Waffles belgas

Infelizmente, alguma indústria domina o mercado de waffles na Bélgica, fornecendo bolotas de massa industrial em bandejas de plástico branco que podem ser vistas nas cozinhas dos quiosques de todo o país. Em geral, os waffles ainda são pré-grelhados deusas sabem lá quando, sendo apenas requentados por alguns segundos antes de serem servidos desmaiados e insossos. Em tese, existe diferença entre o waffle bruxelense e o liégeois, o primeiro seria mais leve e aerado, o segundo mais brioche e pontilhado por “pérolas” de açúcar. Mas as fronteiras já nebulosas entre os dois são engolidas pela padronização industrial, que reduz a diferença aos formatos quadrado e redondo. Fora da Bélgica, alguns chamam o waffle bruxelense de waffle belga. O que me soa irônico, porque o liégeois é o mais comum na Bélgica, inclusive em Bruxelas.
Enfim, destaco três bons exemplares:

Sweet & Smoky
No estacionamento de uma loja de móveis em Sint-Genesius-Rode, entre Bruxelas e Waterloo, há um carrinho que vende shawarmas, empanadas e waffles. Contra todas as probabilidades, o waffle é delicioso. Apesar de ser a massa industrial padrão, ele é grelhado do zero na hora, o que demora um pouco, mas faz toda diferença no sabor e na textura interior, finalmente viva, úmida e puxenta. Como fica mais tempo na grelha, o açúcar polvilhado por fora carameliza em um ponto mais escuro, dando aroma, crocância, dulçor e calor.

Marché Jourdan
A massa crua está em baldes brancos na barraca de waffles da feira dominical na praça Jourdan em Bruxelas, então sabemos que é caseira, não industrial. Completamente diferente do waffle que encontramos em 99% dos quiosques da Bélgica, é quebradiço e farelento, embora não seja seco. Branquelo, o sabor é neutro, de biscoito maria. Acredito que usam fermento químico, não biológico, sendo portanto mais um waffle holandês grosso que um liégeois não-fermentado.

Désiré de Lille
Essa confeitaria antuerpiense fundada em 1903 serve verdadeiros waffles bruxelenses. A fermentação deve ser longa, o resultado é extremamente leve, uma caixa oca que aproveita a extensa área de superfície da grelha para gerar reação de maillard e, portanto, sabor. Os aromas puxam mais ao salgado que ao doce, a doçura vem apenas do açúcar de confeiteiro. Para mim, parece ser feito de mandioca por conta do sabor de biscoito de polvilho e da textura, mais crisp que crunch, de um pão de queijo de polvilho azedo.

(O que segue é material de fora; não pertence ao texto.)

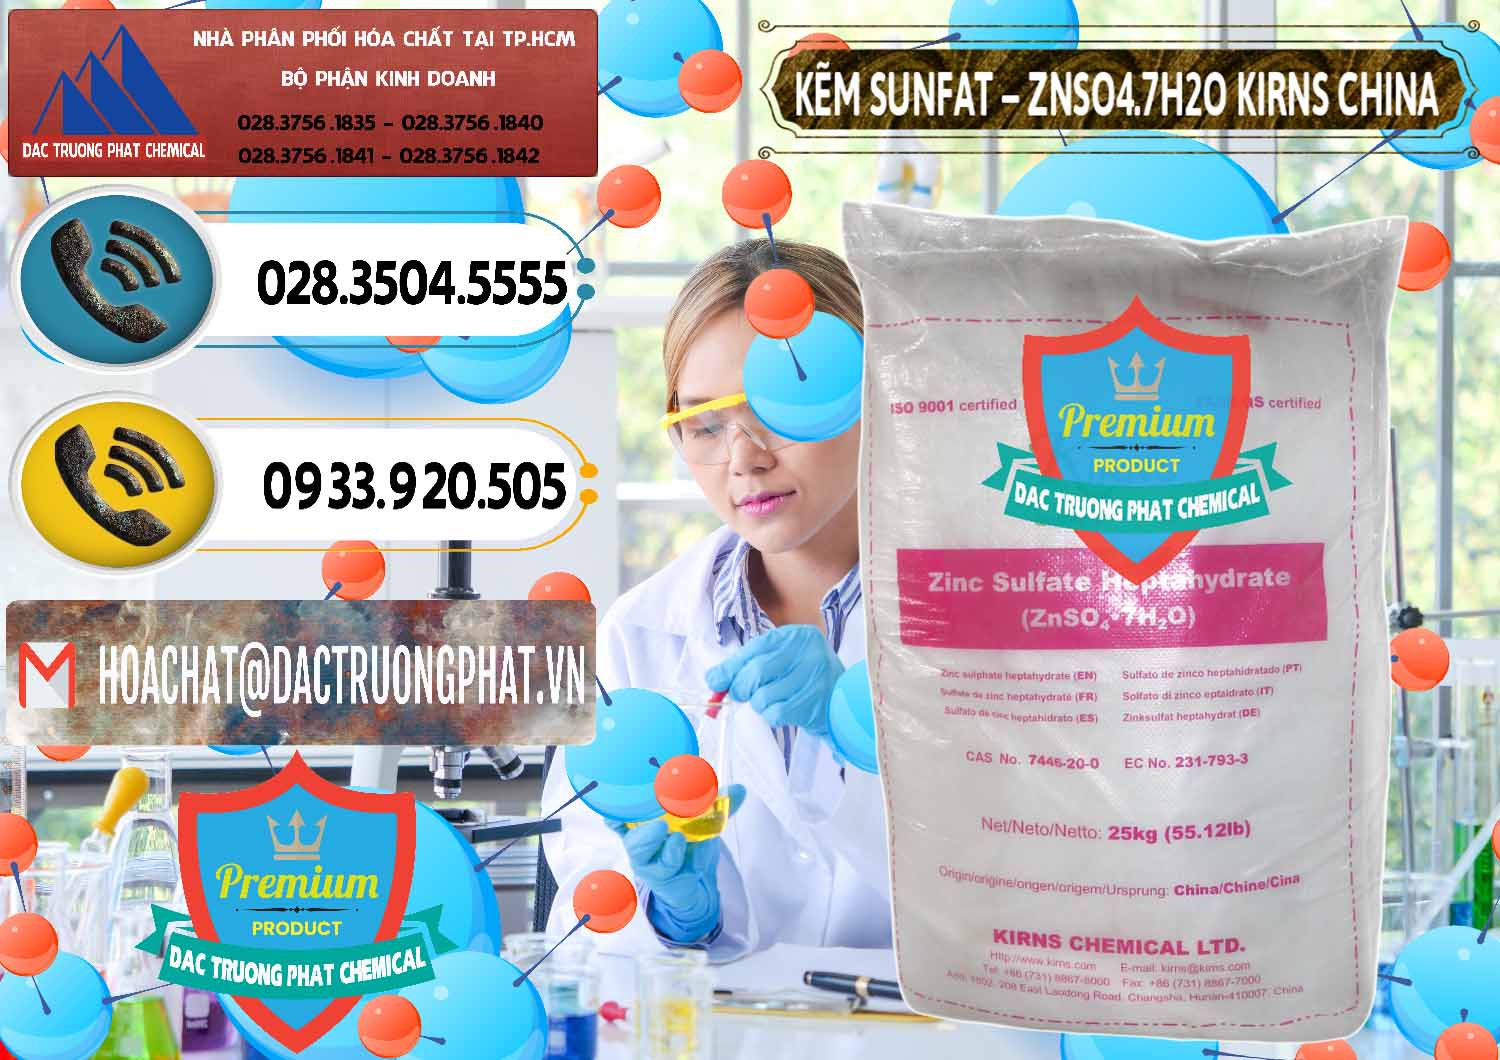 Cty kinh doanh & bán Kẽm Sunfat – ZNSO4.7H2O Kirns Trung Quốc China - 0089 - Công ty phân phối và cung ứng hóa chất tại TP.HCM - hoachatdetnhuom.vn

*Obs. Queria fugir de waffle, mas usar gaufre ou Wafel seria fugir de um estrangeirismo para cair em outro. Poderia recorrer ao gofre do português europeu, mas não deixaria de ser colonialismo. Talvez o jeito fosse aportuguesar para uáfols ou chutar o balde num uêifol, seguindo a pronúncia popular, mas isso anda meio méquizice. Fiquei com waffle mesmo, que é a dicionarizada no Brasil de qualquer forma. Também tive dúvida quanto a serem grelhados ou assados. Considerei o primeiro mais apropriado, pois recebem calor de grelhas metálicas, não de ar quente. Acrescento que apesar de compartilharem o nome e o cozimento em grelhas com padrões geométricos, os waffles belgas são pães fermentados por leveduras, os holandeses são biscoitos e os estadunidenses são panquecas de levedação química.